[Opening Record set section]
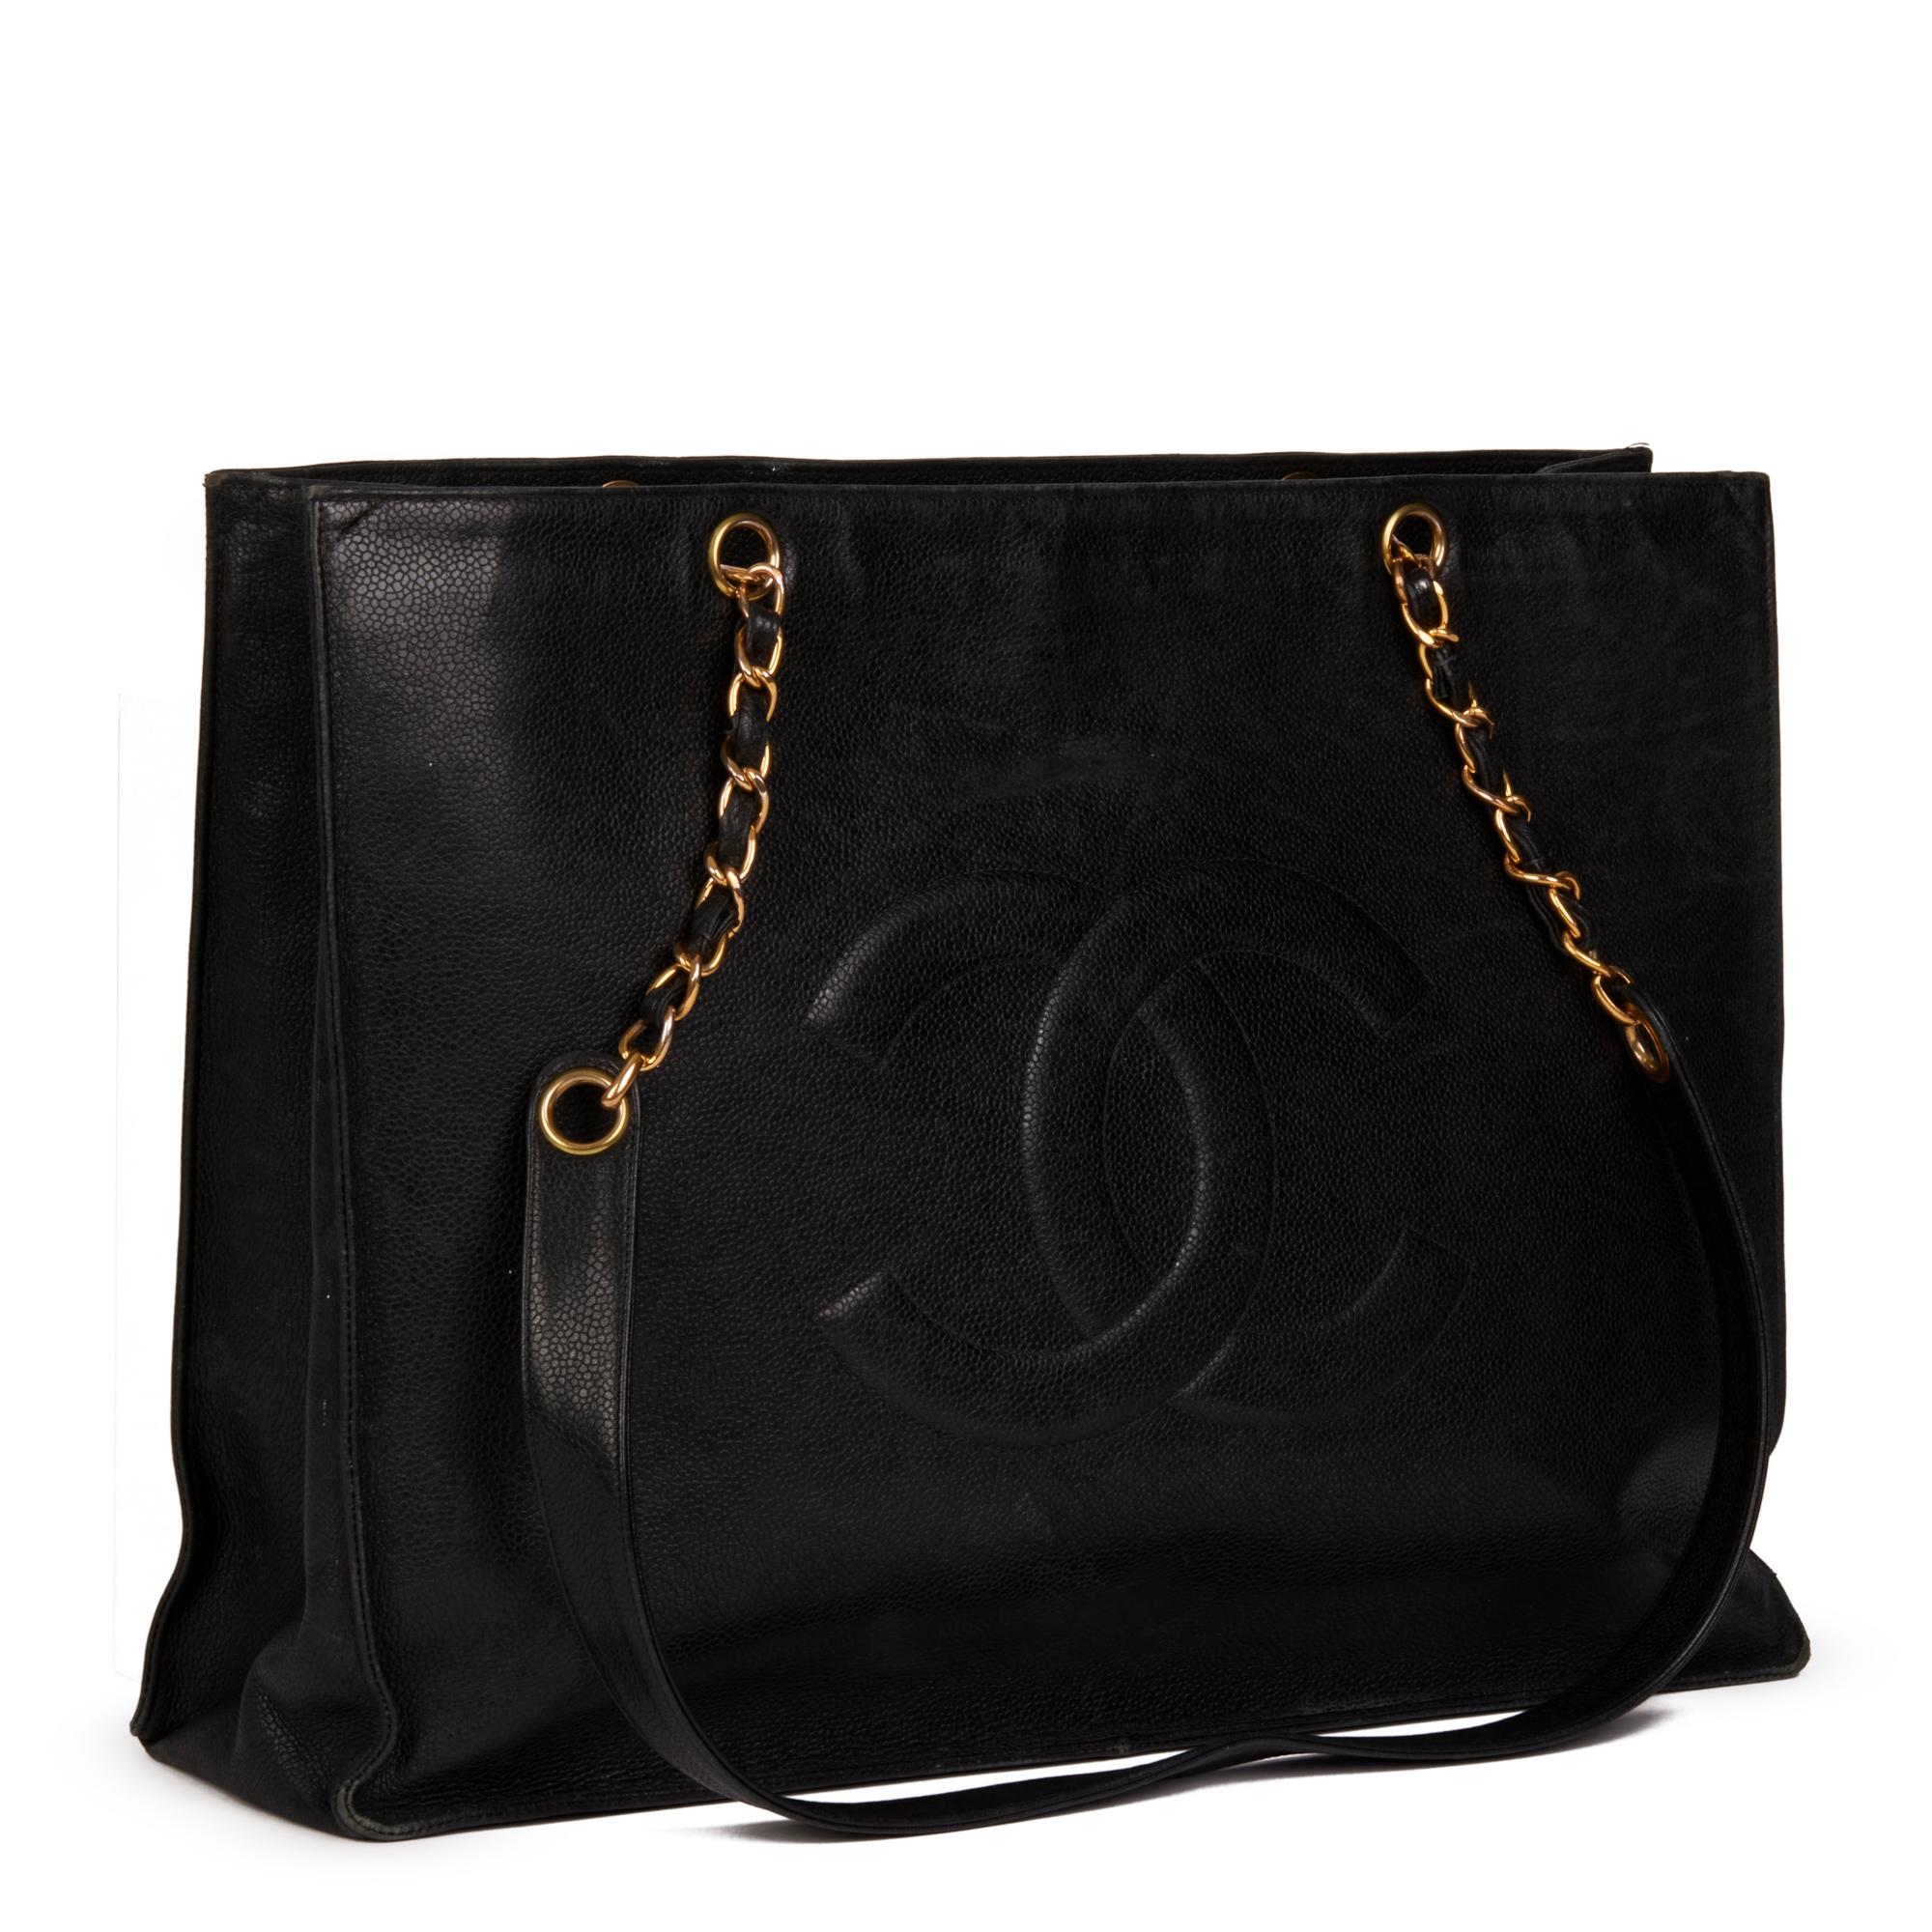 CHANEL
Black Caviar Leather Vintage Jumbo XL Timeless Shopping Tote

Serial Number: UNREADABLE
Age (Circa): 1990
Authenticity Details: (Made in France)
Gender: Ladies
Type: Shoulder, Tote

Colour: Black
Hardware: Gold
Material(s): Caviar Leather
[Closing Record set section]
What you should do =
Reproduce, with both ends included, the lines from the one holding "Authenticity Details: (Made in France)" to the end of the records above.

Answer below =
Authenticity Details: (Made in France)
Gender: Ladies
Type: Shoulder, Tote

Colour: Black
Hardware: Gold
Material(s): Caviar Leather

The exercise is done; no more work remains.